Hacker News new | ask | show | jobs
by routerman 3061 days ago
As for your second question, it depends on what kind of platform the diamond industry builds on. If the diamonds are tracked using a smart contract on the public Ethereum chain, there may be special functions in the contract that allow certain entities to edit data in the contract. The problem with this is that consumers have to trust that the companies use this write access honestly. A partial solution might be to only allow certain data in the smart contract to be edited IF at least X number of companies in the consortium agrees to it. Still requires trust, but less of it.

If they're building their own blockchain to track the diamonds, and consensus is simply maintained by a small group of entities in the industry, then it's trivial to edit the data. But of course, if this is the case, then it begs the question of why a blockchain is even needed. Just use a shared database.

1 comments

>But of course, if this is the case, then it begs the >question of why a blockchain is even needed. Just use a >shared database.

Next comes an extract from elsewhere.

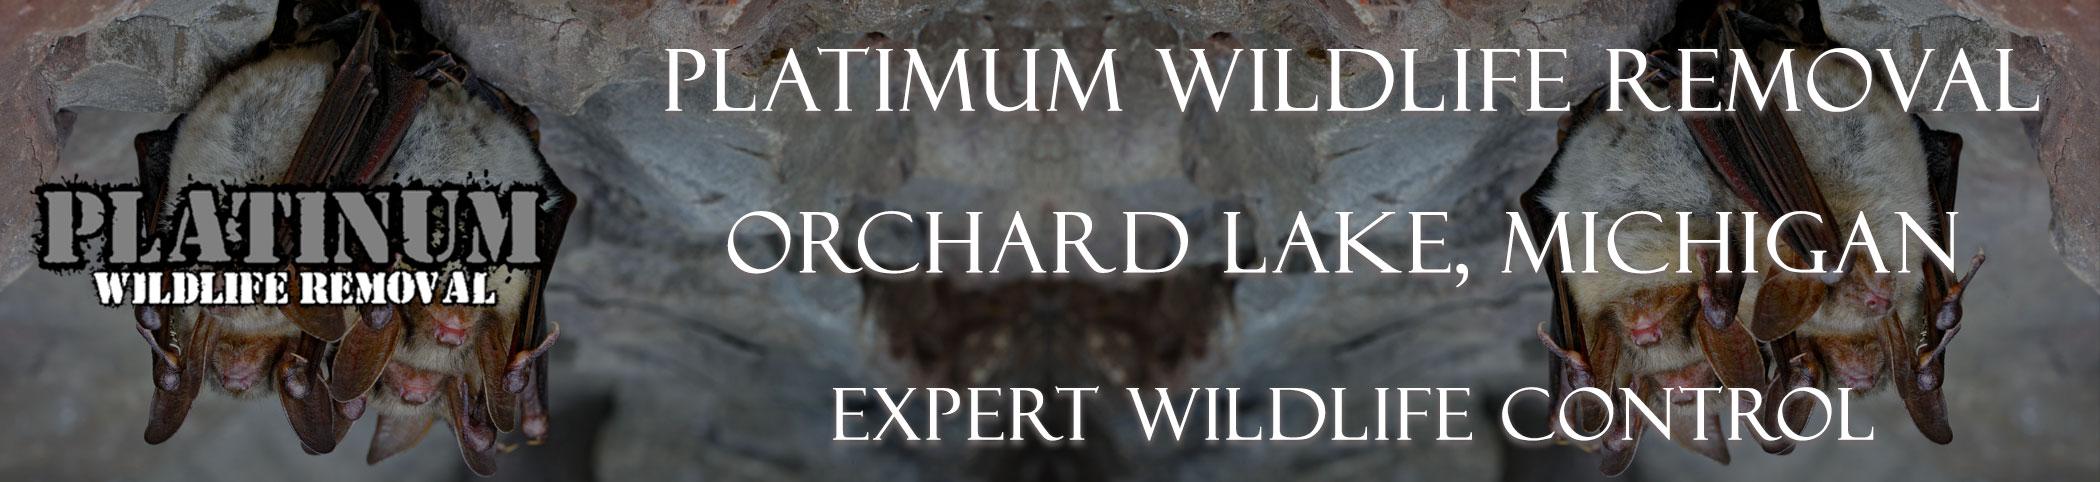 Orchard-Lake-Platinum-Wildlife-Removal-michgan

Two issues regarding your second observation.

1) A change that requires a consensus among some non-tiny group of participants is not trivial thing to accomplish in practice. You will have to wait before every one from a group of N (say, 20) representatives will agree with your change.

2) Why a blockchain is needed? Because no other "shared database" provides the same trust model which is "everyone trusts no one". Every other database "security model" in existence assumes that every admin trusts every other admin. If it is not so, then things quickly become complicated and impractical.

Good points. From a consumer's perspective, I do hope that they would eventually choose to build on a public blockchain. The fact that consensus is provided by miners worldwide (or stakers in PoS chains) instead of a couple of diamond-related companies means that there is one less thing for me trust.